Le président du CVD de Sécaco, Abdoul Aziz Sankara, justifie que les 500F CFA journaliers contribuent à la prise en charge de certains blessés sur le site aurifère, à l’inhumation des personnes décédées sur le site sans identité.

« Nous soignons souvent des gens à hauteur d’un million cinq cent mille F CFA par an. Pourtant nous ne disposons pas de fonds pour cela. Donc nous avons institué cette taxe pour couvrir ces besoins », a-t-il justifié. Il a ajouté que le CVD a, grâce à cet argent, fait un don de médicaments, de matelas et installé l’électricité au Centre de santé et de promotion sociale (CSPS) du village de Sécaco. Le CVD a également construit une classe complémentaire au profit de l’école primaire de ladite localité.

Le chef de service départemental de l’environnement de Sibi, Lassané Ouédraogo, indique que leurs descentes sur les lieux ne visent en aucun cas à racketter, mais à sensibiliser face à la coupe abusive du bois. Il a expliqué que des conducteurs de tricycles s’adonnent à la coupe du bois dans la forêt pour la construction des hangars dans les yaars. « A moins que des individus ne se soient fait passer pour nos agents pour racketter ces personnes, nous ne l’avons pas fait », s’est-il défendu.

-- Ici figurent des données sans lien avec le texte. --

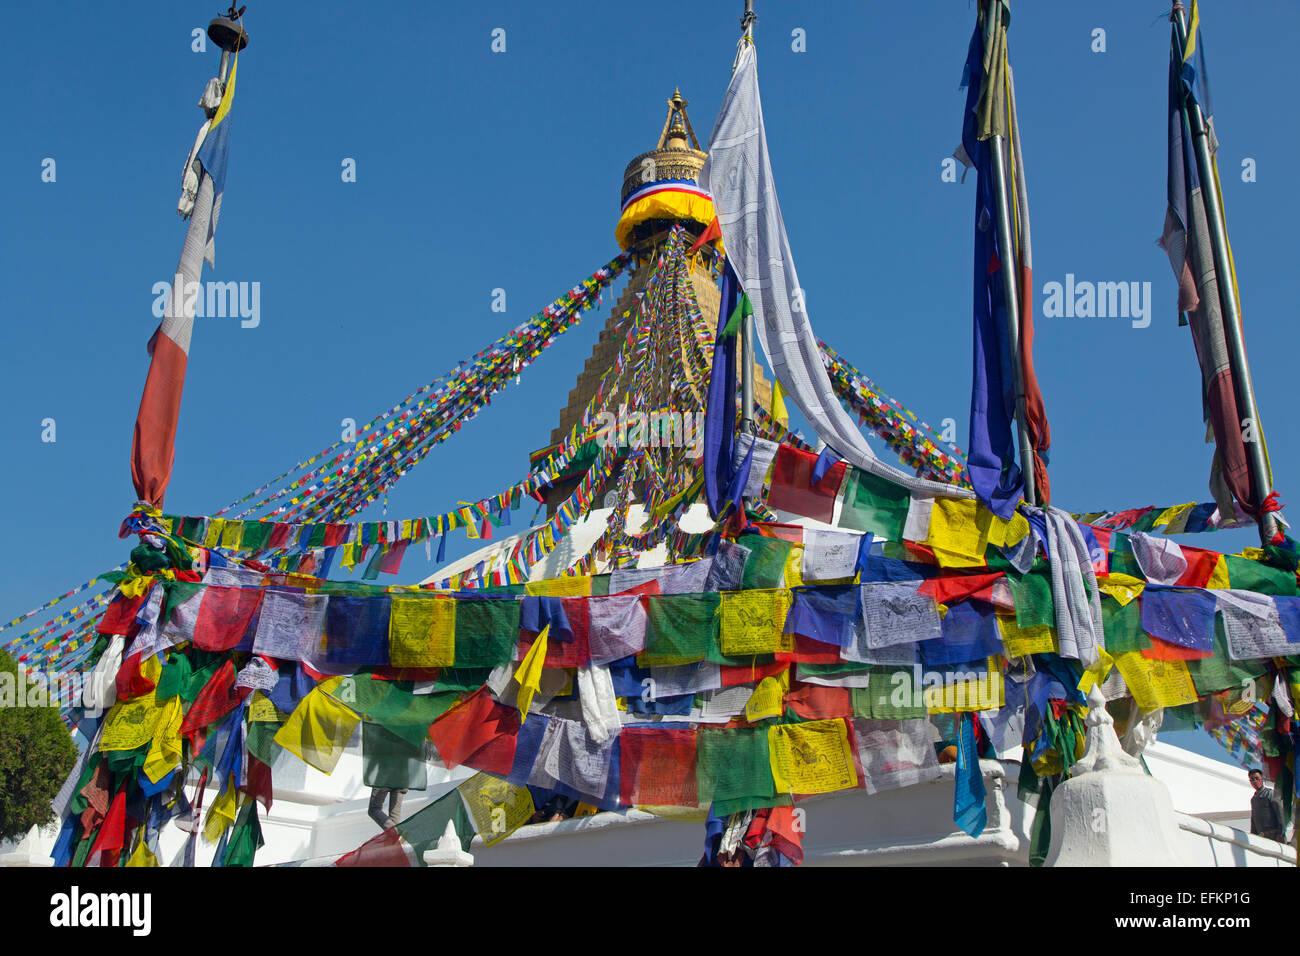 Bodnath is the largest stupa in Nepal Durbar Suare Kathmandu - Stock Image

Sur la question, le directeur provincial de l’environnement et de l’économie verte, Bernard Bingo, a indiqué n’avoir pas connaissance d’un de ses agents qui s’adonnerait à de telles pratiques. Il a prévenu que si l’un des siens soutire 20 mille francs à quelqu’un sans reçu, il se fera le devoir de le sanctionner conformément à la loi. Toutefois, M. Bingo a relevé que ceux qui s’adonnent aux activités d’orpaillage dans cette zone sont à réprimander. Citant le Code forestier qui défend toute activité et séjour dans une forêt classée, le directeur provincial de l’Environnement affirme que ces derniers, au lieu de calomnier ses agents, devraient être punis, selon la règlementation, à une peine de 5 à 50 mille francs CFA. Près de 500 tricycles quittent Boromo chaque jour et font le trafic au bord du fleuve 24h sur 24. Pour cette raison, Bernard Bingo a prévenu que son service ne cessera de sécuriser la forêt.

« Avec l’arrivée massive des orpailleurs dans la ville de Boromo, nous avons redoublé de vigilance en installant un poste de contrôle sur la route Boromo-Sibi. Le poste a été fermé par la suite. Mais la police n’a effectué ni de contrôle, ni de descente sur le site de Sibi, ou à Sécaco. Nous ne nous y rendons que lorsque nous sommes sollicités pour une interpellation. Nous avons même contribué à lutter contre la corruption sur ces sites », a indiqué le commissaire central de police de Boromo, Salifou Zallé.

Les propriétaires terriens sont également indexés dans le processus d’extorsion. Des dires des occupants des yaars, l’obtention d’un lopin de terre est conditionnée par le payement de 15 milles francs CFA, équivalant aux frais d’installation. Par la suite, chaque semestre ou année, ces propriétaires terriens font le tour pour récupérer 10 mille francs. Si certains orpailleurs s’offusquent contre cet état de fait, d’autres par contre le trouve normal. « Ce sont leurs champs. Et ils n’ont plus d’endroit pour cultiver et nourrir leur famille», nous lance Mohamed Ouédraogo du yaar de Sécaco.